= REQUIRED ACTION =
Reproduce the data below exactly as written. Pictures do not belong in the copy.
-- SOURCE RECORDS follows --
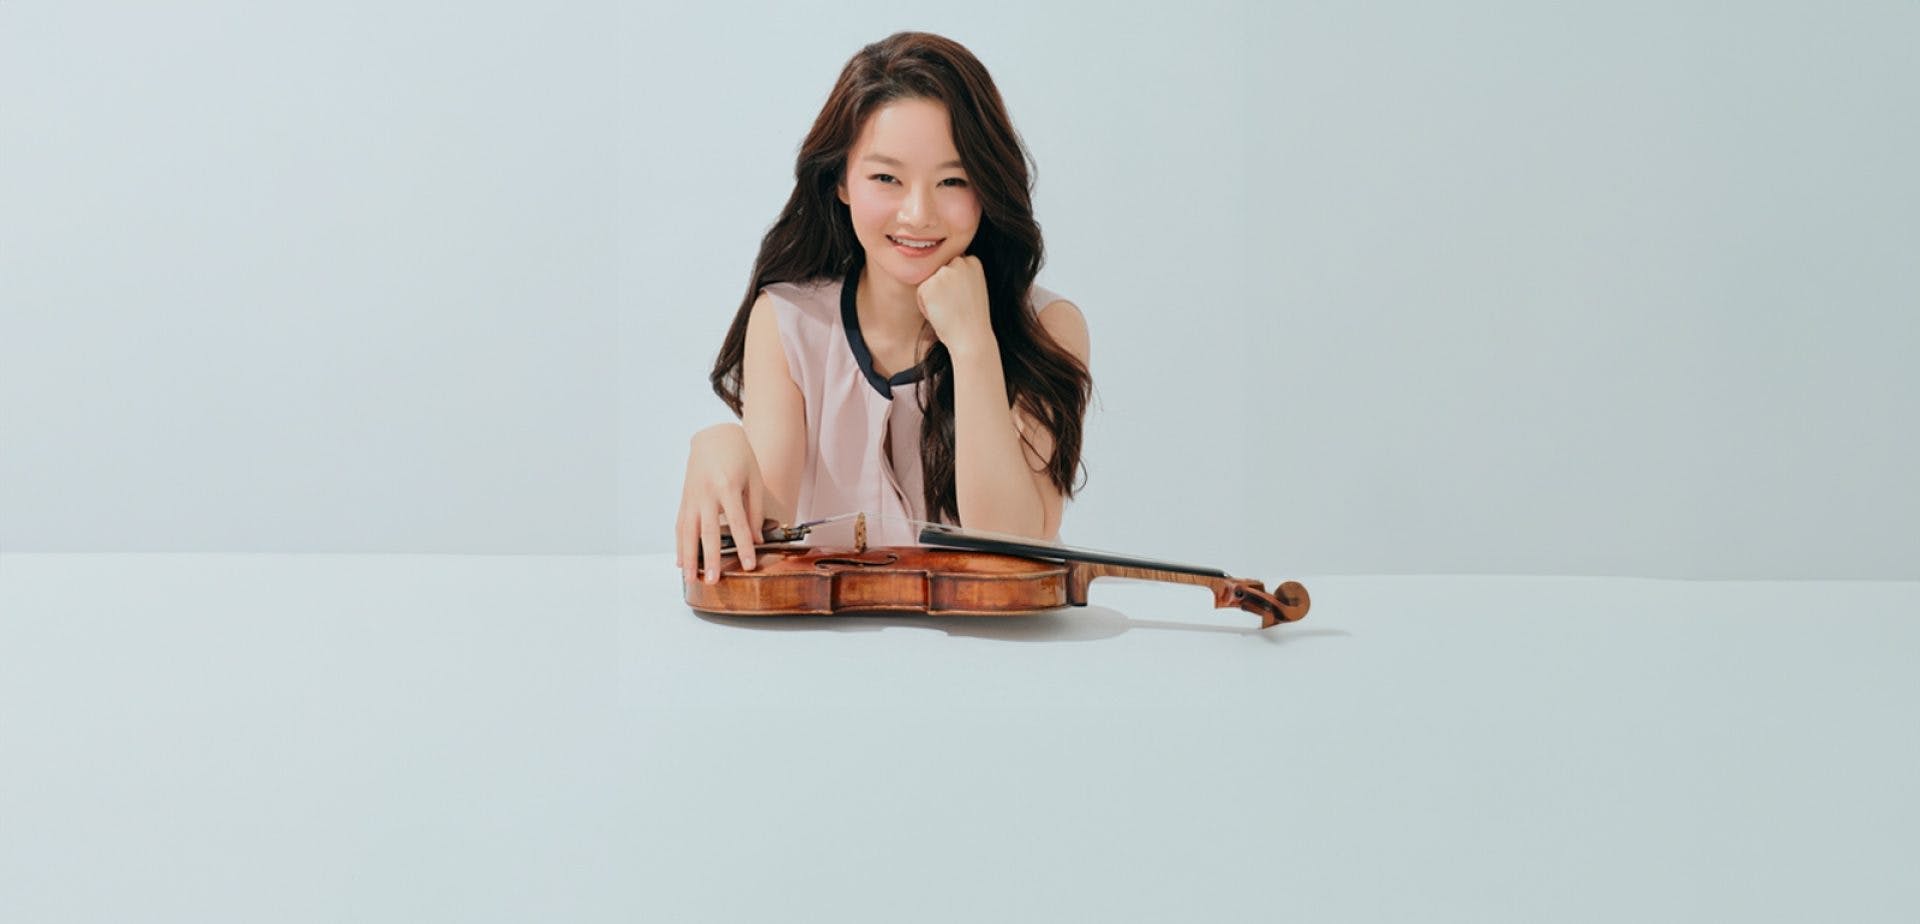 Bomsori Kim plays Tchaikovsky's Violin Concerto
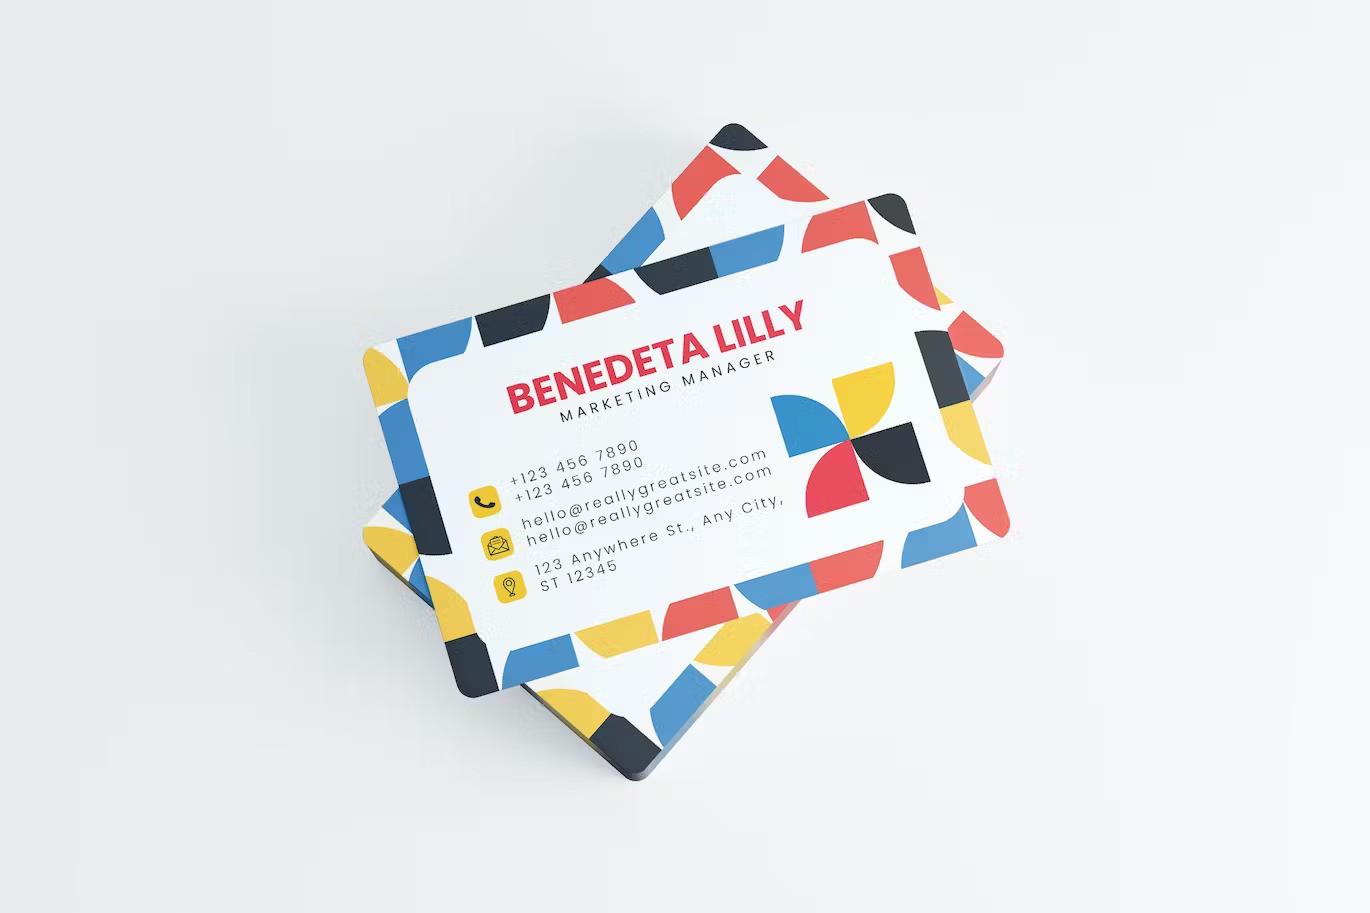 A marketing Business card Template
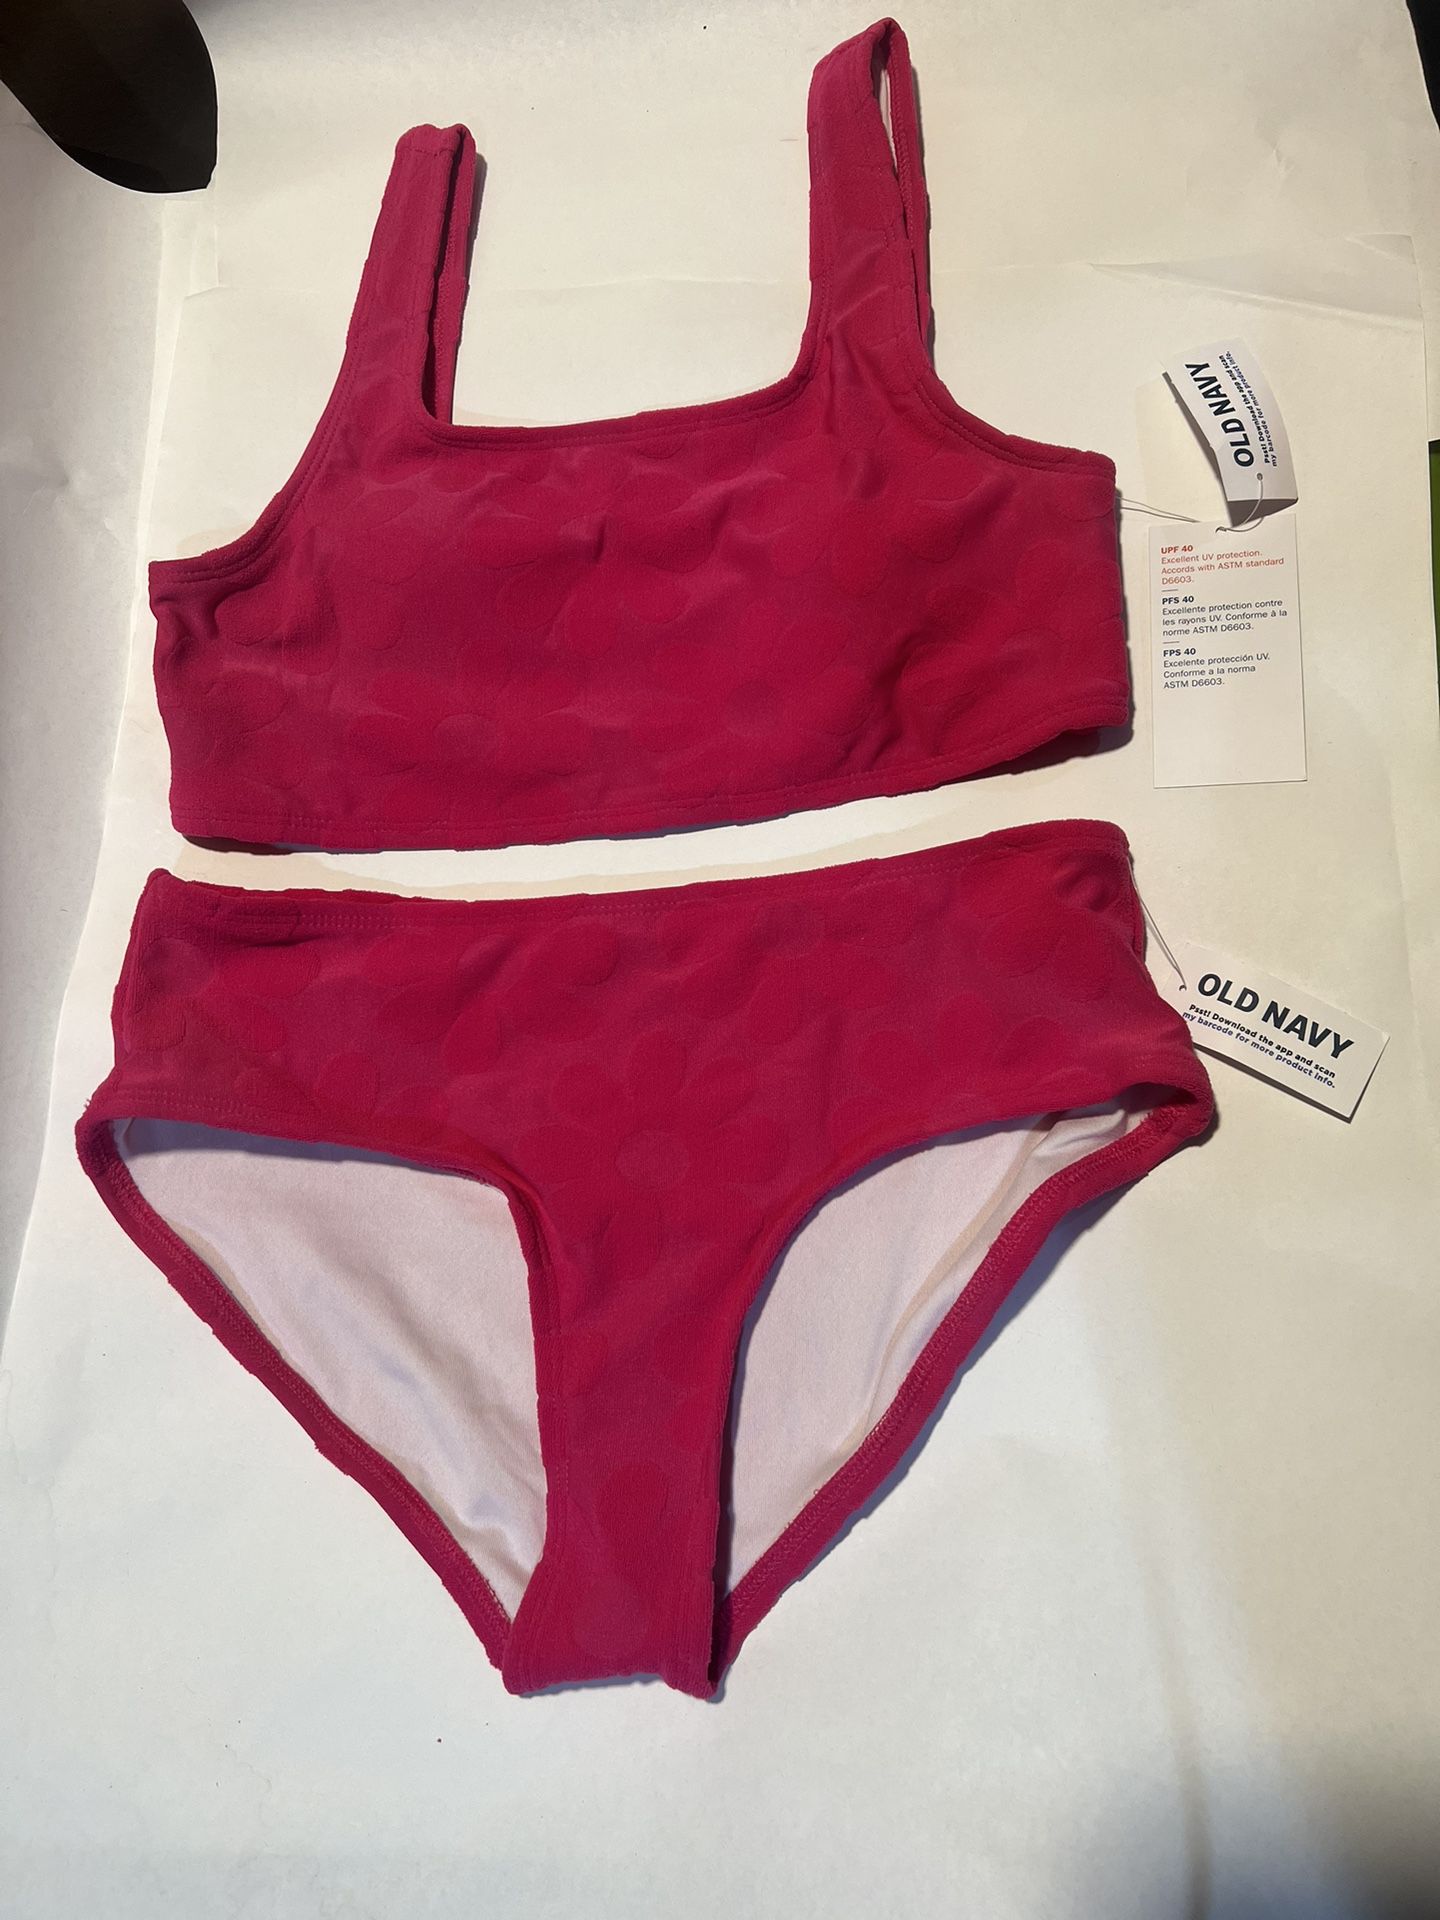 XL (14-16) Textured Floral-Terry Bikini Swim Set for Girls
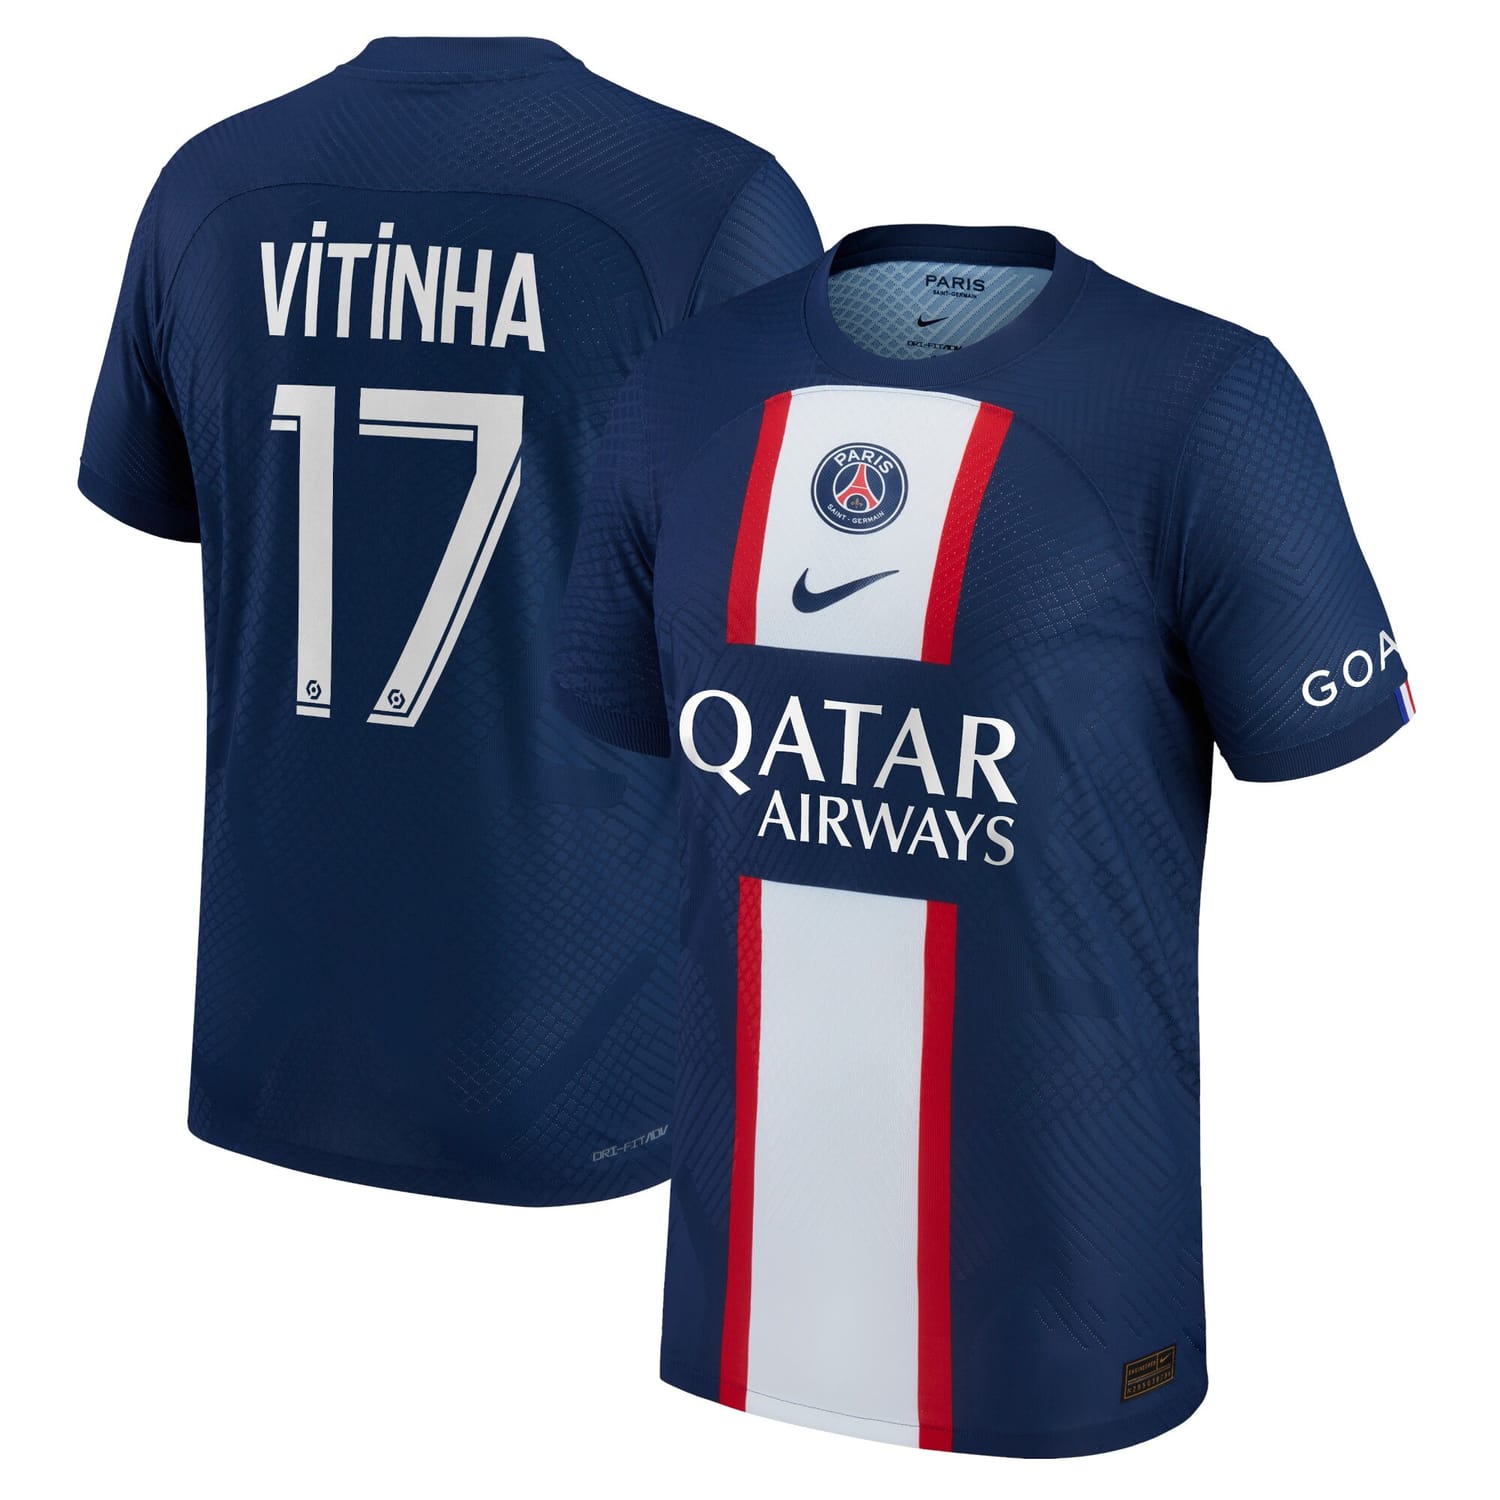 Ligue 1 Paris Saint-Germain Home Authentic Jersey Shirt 2022-23 player Vitinha 17 printing for Men
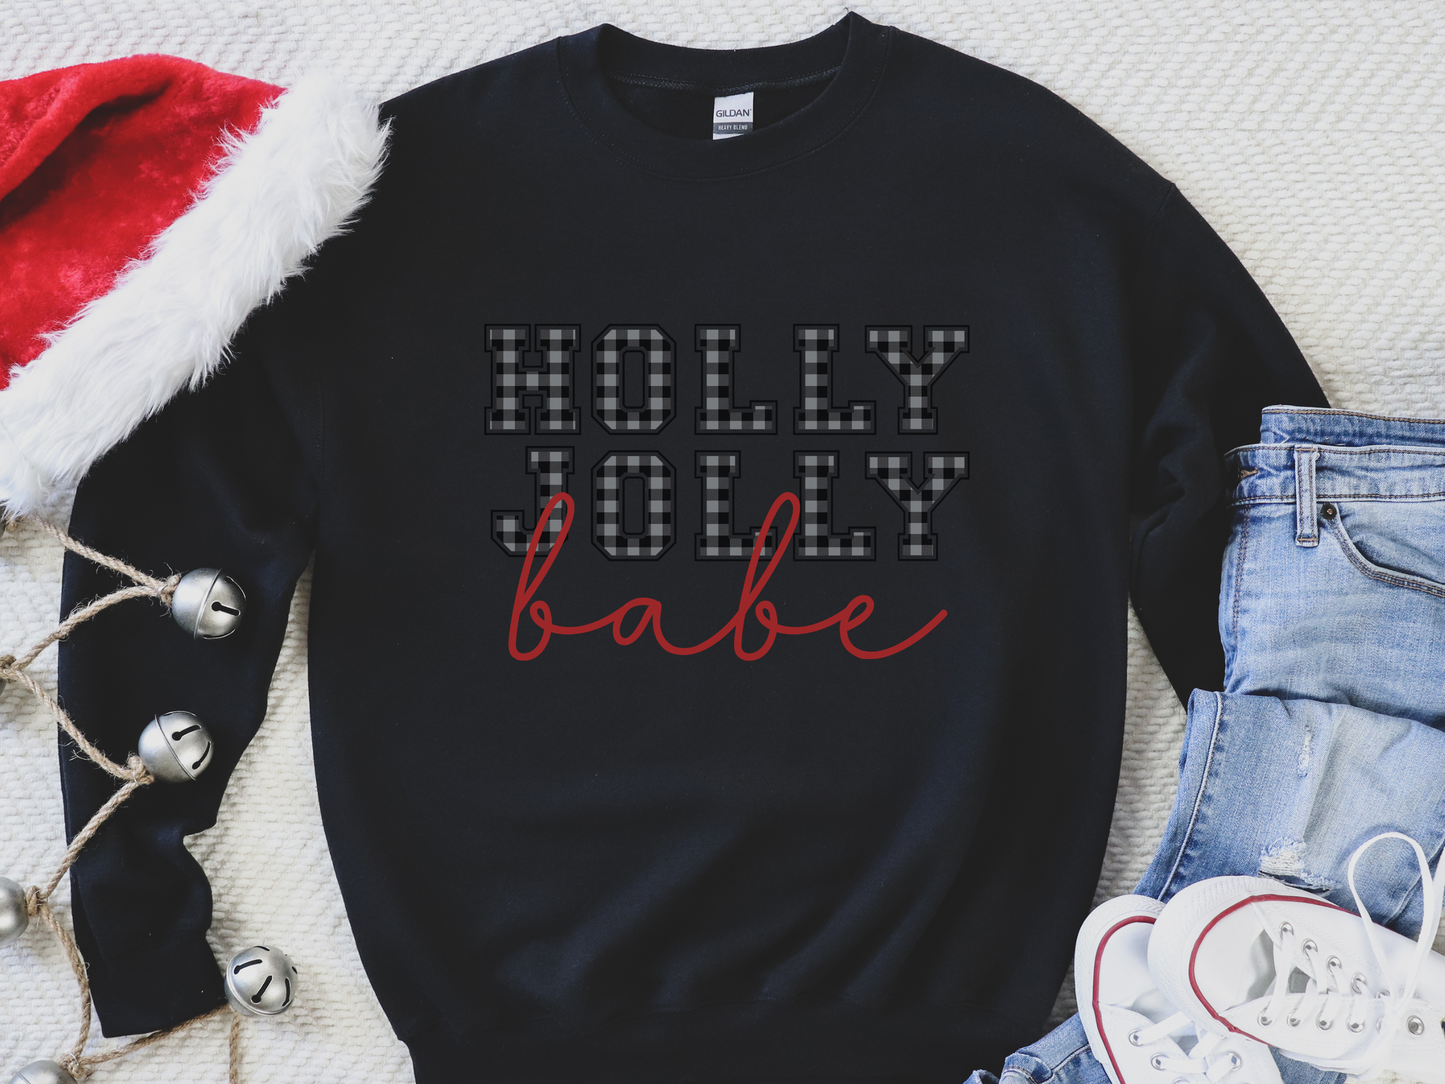 Holly Jolly Babe Christmas Sweatshirt
-- SOURCE RECORDS concluded --
= WRITTEN SOLUTION =
 Bomsori Kim plays Tchaikovsky's Violin Concerto
 A marketing Business card Template
 XL (14-16) Textured Floral-Terry Bikini Swim Set for Girls
 Ligue 1 Paris Saint-Germain Home Authentic Jersey Shirt 2022-23 player Vitinha 17 printing for Men
 Holly Jolly Babe Christmas Sweatshirt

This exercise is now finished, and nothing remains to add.